Although the data below holds other lines too, output only those from the line with "File:Gato Blanco Y" up to and including the line with "Ikea Canapé Lit", exactly as they appear.
• • • • •
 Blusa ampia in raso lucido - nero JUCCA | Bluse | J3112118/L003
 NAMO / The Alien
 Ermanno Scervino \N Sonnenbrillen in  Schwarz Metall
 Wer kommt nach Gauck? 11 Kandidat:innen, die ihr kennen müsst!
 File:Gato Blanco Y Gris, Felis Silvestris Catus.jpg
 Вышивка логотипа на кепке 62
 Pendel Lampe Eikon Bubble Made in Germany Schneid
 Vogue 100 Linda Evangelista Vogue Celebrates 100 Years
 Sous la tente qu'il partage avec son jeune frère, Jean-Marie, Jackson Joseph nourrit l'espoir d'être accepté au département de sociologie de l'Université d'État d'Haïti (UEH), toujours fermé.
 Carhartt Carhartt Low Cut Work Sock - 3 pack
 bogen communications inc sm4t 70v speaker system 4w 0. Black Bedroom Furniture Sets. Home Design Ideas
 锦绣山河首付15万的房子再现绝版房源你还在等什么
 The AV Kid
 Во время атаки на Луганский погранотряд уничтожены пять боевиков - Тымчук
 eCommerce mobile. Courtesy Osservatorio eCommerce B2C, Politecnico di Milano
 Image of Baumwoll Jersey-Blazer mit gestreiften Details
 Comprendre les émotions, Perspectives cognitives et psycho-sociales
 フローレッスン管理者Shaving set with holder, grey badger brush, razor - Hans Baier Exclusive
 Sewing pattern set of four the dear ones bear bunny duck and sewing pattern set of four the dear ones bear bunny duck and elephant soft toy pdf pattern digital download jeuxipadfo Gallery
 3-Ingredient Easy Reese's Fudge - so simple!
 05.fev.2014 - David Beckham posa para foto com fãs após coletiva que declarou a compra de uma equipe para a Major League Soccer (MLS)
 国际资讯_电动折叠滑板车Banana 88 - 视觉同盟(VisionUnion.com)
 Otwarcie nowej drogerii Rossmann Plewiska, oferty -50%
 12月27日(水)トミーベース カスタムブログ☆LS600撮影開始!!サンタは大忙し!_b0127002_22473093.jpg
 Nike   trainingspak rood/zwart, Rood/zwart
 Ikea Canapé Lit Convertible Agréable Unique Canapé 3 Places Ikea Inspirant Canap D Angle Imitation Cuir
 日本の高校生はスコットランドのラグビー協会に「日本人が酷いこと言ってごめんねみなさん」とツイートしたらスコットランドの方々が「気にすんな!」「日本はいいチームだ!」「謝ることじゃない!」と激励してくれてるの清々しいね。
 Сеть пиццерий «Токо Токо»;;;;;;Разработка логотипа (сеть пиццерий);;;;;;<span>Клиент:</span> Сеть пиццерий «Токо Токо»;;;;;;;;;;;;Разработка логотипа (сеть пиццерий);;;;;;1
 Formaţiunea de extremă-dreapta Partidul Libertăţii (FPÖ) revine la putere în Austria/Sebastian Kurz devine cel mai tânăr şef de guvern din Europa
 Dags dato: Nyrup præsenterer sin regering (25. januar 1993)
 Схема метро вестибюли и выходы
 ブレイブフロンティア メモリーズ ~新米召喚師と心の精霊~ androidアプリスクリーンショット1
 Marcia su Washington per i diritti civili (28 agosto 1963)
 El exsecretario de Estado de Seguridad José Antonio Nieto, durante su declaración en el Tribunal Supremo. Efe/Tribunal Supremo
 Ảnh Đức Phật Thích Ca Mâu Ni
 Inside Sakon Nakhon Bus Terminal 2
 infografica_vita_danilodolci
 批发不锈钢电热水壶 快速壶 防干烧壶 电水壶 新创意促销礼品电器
• • • • •
Response for this exercise:
 File:Gato Blanco Y Gris, Felis Silvestris Catus.jpg
 Вышивка логотипа на кепке 62
 Pendel Lampe Eikon Bubble Made in Germany Schneid
 Vogue 100 Linda Evangelista Vogue Celebrates 100 Years
 Sous la tente qu'il partage avec son jeune frère, Jean-Marie, Jackson Joseph nourrit l'espoir d'être accepté au département de sociologie de l'Université d'État d'Haïti (UEH), toujours fermé.
 Carhartt Carhartt Low Cut Work Sock - 3 pack
 bogen communications inc sm4t 70v speaker system 4w 0. Black Bedroom Furniture Sets. Home Design Ideas
 锦绣山河首付15万的房子再现绝版房源你还在等什么
 The AV Kid
 Во время атаки на Луганский погранотряд уничтожены пять боевиков - Тымчук
 eCommerce mobile. Courtesy Osservatorio eCommerce B2C, Politecnico di Milano
 Image of Baumwoll Jersey-Blazer mit gestreiften Details
 Comprendre les émotions, Perspectives cognitives et psycho-sociales
 フローレッスン管理者Shaving set with holder, grey badger brush, razor - Hans Baier Exclusive
 Sewing pattern set of four the dear ones bear bunny duck and sewing pattern set of four the dear ones bear bunny duck and elephant soft toy pdf pattern digital download jeuxipadfo Gallery
 3-Ingredient Easy Reese's Fudge - so simple!
 05.fev.2014 - David Beckham posa para foto com fãs após coletiva que declarou a compra de uma equipe para a Major League Soccer (MLS)
 国际资讯_电动折叠滑板车Banana 88 - 视觉同盟(VisionUnion.com)
 Otwarcie nowej drogerii Rossmann Plewiska, oferty -50%
 12月27日(水)トミーベース カスタムブログ☆LS600撮影開始!!サンタは大忙し!_b0127002_22473093.jpg
 Nike   trainingspak rood/zwart, Rood/zwart
 Ikea Canapé Lit Convertible Agréable Unique Canapé 3 Places Ikea Inspirant Canap D Angle Imitation Cuir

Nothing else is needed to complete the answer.